Spreuken 7 VB
1. Mijn zoon, bewaar mijn woorden, berg mijn onderricht op in je hart,
2. volg mijn lessen op, dan zul je leven. Bewaar ze als je oogappel,
3. bind ze om je vingers, schrijf ze in je hart.
4. Zeg tegen Wijsheid: 'Jij bent mijn zuster' en noem Inzicht je hartsvriendin.
5. Zij zullen je behoeden voor overspelige vrouwen, voor de onbekende die jou met gladde praatjes vleit.
6. Ik keek eens uit het raam van mijn huis, keek tussen het latwerk door naar buiten.
7. Ik zag daar een aantal argeloze jongemannen, en onder hen een zonder verstand,
8. die de straat uitliep, naar de hoek waar zij woont, en de richting van haar huis insloeg,
9. in de schemering, aan het eind van de dag, op het moment dat de duisternis valt.

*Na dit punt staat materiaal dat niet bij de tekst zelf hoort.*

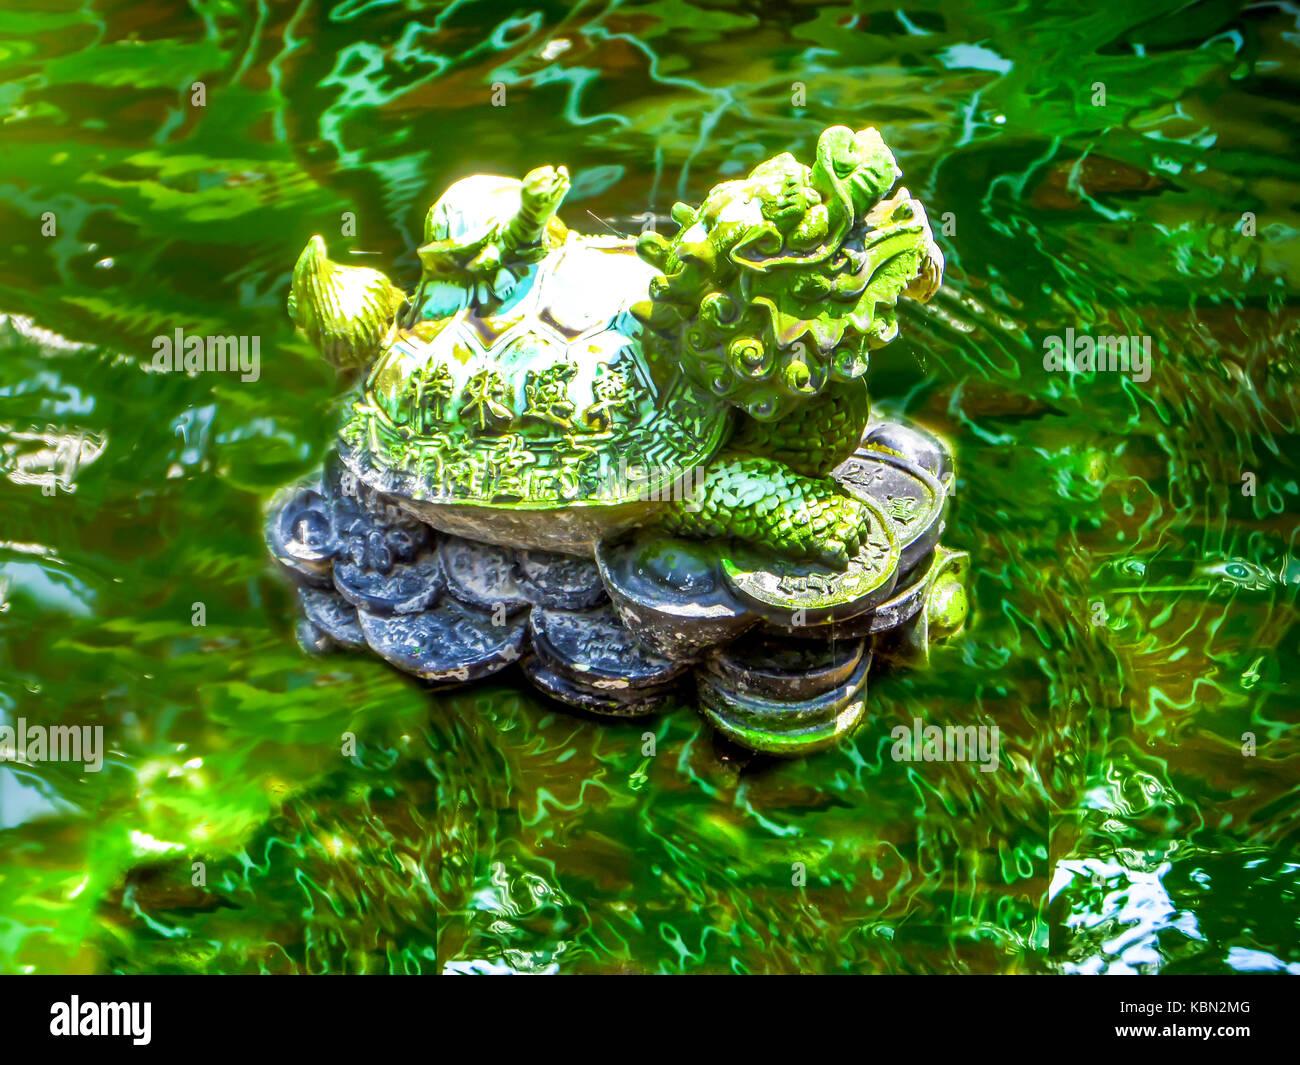 Gold green dragon turtle Pixiu presso la piscina e l'acqua di superficie a specchio, il popolo cinese e alcuni Immagini Stock

10. En kijk, een vrouw kwam hem tegemoet, uitdagend gekleed, met kwaad in de zin –
11. een luidruchtige, ongezeglijke vrouw, die nooit rustig thuis blijft zitten.
12. Nu eens is ze op straat, dan weer op het plein, steeds staat ze op de straathoeken op de loer –
13. Ze greep hem beet en kuste hem. Met een brutaal gezicht zei ze tegen hem:
14. "Ik heb juist mijn vredeoffers gebracht, vandaag heb ik mijn geloften ingelost.
15. Daarom ben ik je buiten tegemoet gegaan om je te zoeken, en ik heb je gevonden.
16. Ik heb prachtige dekens op mijn bed gelegd, met lakens van fijn, Egyptisch linnen.
17. Ik heb mijn bed geparfumeerd met mirre, aloë en kaneel.
18. Kom, laten we dronken worden van liefde, tot de ochtend heerlijk genieten van elkaar.
19. Want mijn man is niet thuis, hij maakt een verre reis.
20. Hij heeft een buidel met geld meegenomen, en komt pas terug op het feest van nieuwemaan."
21. Ze haalde hem over met haar stortvloed van woorden, met vleiende woordjes praatte zij hem om.
22. Willoos liep hij met haar mee – als een rund dat naar de slachter gebracht wordt, als een dwaas in de boeien die naar zijn straf wordt geleid –
23. totdat een pijl zijn lever doorboort. Hij is als een vogel die het vangnet in vliegt en niet beseft dat het hem zijn leven kost.
24. Mijn zonen, luister dus naar mij, schenk aandacht aan de woorden van mijn mond.
25. Laat je hart niet afdwalen naar haar wegen, dool niet op haar paden rond,
26. want ze heeft al velen verslagen en geveld, talloze slachtoffers de dood in gejaagd.
27. Haar huis is een weg naar de dood, een weg die afdaalt tot diep in het dodenrijk.